Does anybody have more info about this? Hoax?
For me this would be "the" gps to have for biking.. 

Greetz,


----------



## Batas (Jan 16, 2004)

Hmmmm.... Maybe thats why they are selling the current edge at lower prices... I think I will wait for it...


----------



## slocaus (Jul 21, 2005)

madman said:


> Hello,
> 
> According to a mountainbike magazine in europe is Garmin going to present the new Edge (705?) with map . The new edge would be presented by garmin at the 2007 eurobike (30/08/2007 - 2/09/2007).
> Does anybody have more info about this?

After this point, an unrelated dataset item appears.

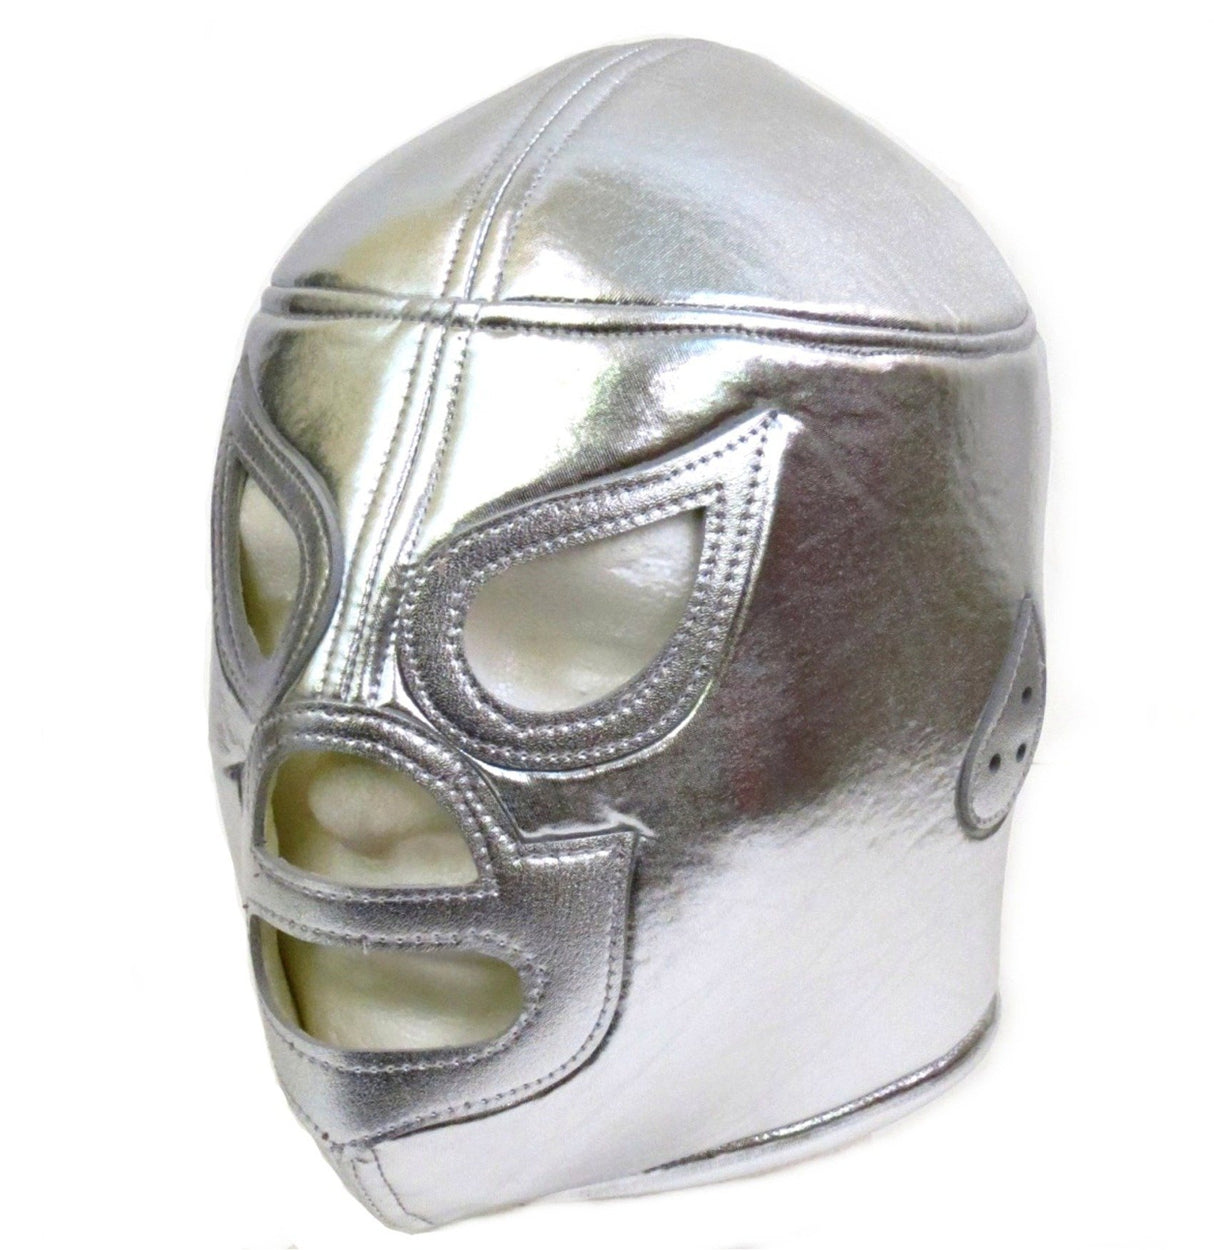 EL Santo Adult Lucha Libre Wrestling Mask (pro-fit) Costume Wear - Silver

Hoax?
> ...


Is this the article?

Google results:
MotionBased (gets severely sidetracked)

Nothing else I can find. (shrug)


----------



## madman (Nov 25, 2004)

slocaus said:


> Is this the article?
> 
> Google results:
> MotionBased (gets severely sidetracked)
> ...


In the german bike magazine there is a announcement, maybe an error or information that was not supposed to leak. 
Knowing Garmin it would make sense :madman: :
2007: edge with map , small memory (not upgradeable)
2008: edge with color map, still small memory
2009: edge color, + possible memory upgrade ( only garmin memory)
2010: the same but with beter reception....


----------



## BrandonMiller (Mar 29, 2006)

http://forums.mtbr.com/showthread.php?t=333574


----------



## burtronix (Jun 5, 2006)

Directly from the horse's mouth:
https://buy.garmin.com/shop/shop.do?cID=160&pID=10885

Says 4th quarter, 2007, so expect Oct-Dec some time. A bit pricey for my taste. Maybe prices will come down some more on the 305?

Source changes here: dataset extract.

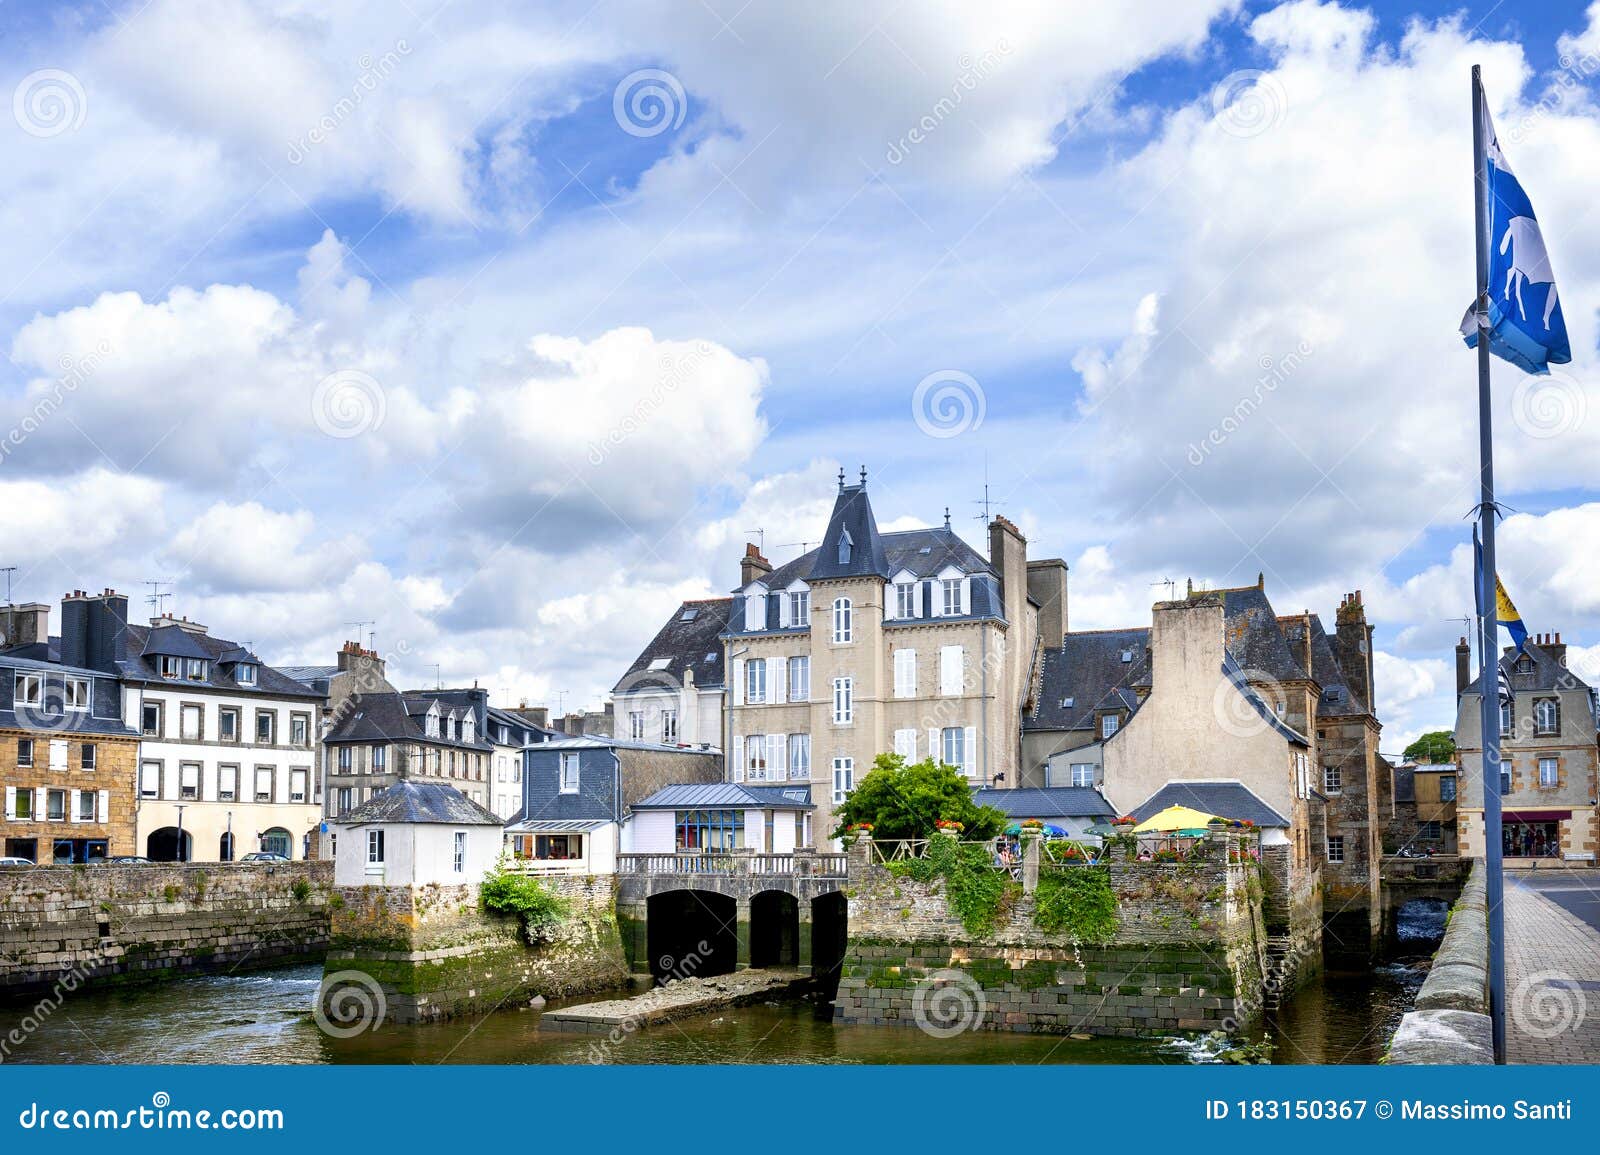 landerneau, the pont de rohan. a bridge with shops and houses built on it. brittany. france

Here's a comparison to the 305:
*Color screen with mapping.
176x220 pixels (compared to 128x160 on the 305).
Longer battery life (Li-polymer vs. Li-ion).
Garmin Connect online community to analyze & share data (not on 305).
17 g heavier
Same high-sensitivity receiver.
Same # of lap history, waypoints, & routes.
Same barometric altimiter.
Accepts microSD cards.
Share data wirelessly with other 705's.
Power meter compatible (add on?) - displays your power output in watts as you ride, regardless of conditions.*

Lots of cool new features, but still too much for me.


----------



## bbgobie (Apr 20, 2006)

Compare the 205,305, 605,705 here
https://buy.garmin.com/shop/compare.do?compareProduct=10884&compareProduct=10885&compareProduct=6400&compareProduct=331&compare=compare


----------



## GEOMAN (May 30, 2006)

burtronix said:


> Directly from the horse's mouth:
> https://buy.garmin.com/shop/shop.do?cID=160&pID=10885
> 
> Says 4th quarter, 2007, so expect Oct-Dec some time. A bit pricey for my taste. Maybe prices will come down some more on the 305?
> ...


The Edge 305 was slated for 3rd Quarter 2005 and really never became available until February 2006 or so. I expect the Edge 605 and 705 to be available in February or March of 2008 at best...


----------



## slocaus (Jul 21, 2005)

Well, I was the most skeptical, but there it is. If I did not have a 305 and a 60CSx, I might be tempted. Only thing is these old eyes being about to watch that screen for a side trail on a long downhill; I wonder if it will have proximity alarms like the 60CSx? I'll read the Garmin site tonight.


----------



## GEOMAN (May 30, 2006)

slocaus said:


> Well, I was the most skeptical, but there it is. If I did not have a 305 and a 60CSx, I might be tempted. Only thing is these old eyes being about to watch that screen for a side trail on a long downhill; I wonder if it will have proximity alarms like the 60CSx? I'll read the Garmin site tonight.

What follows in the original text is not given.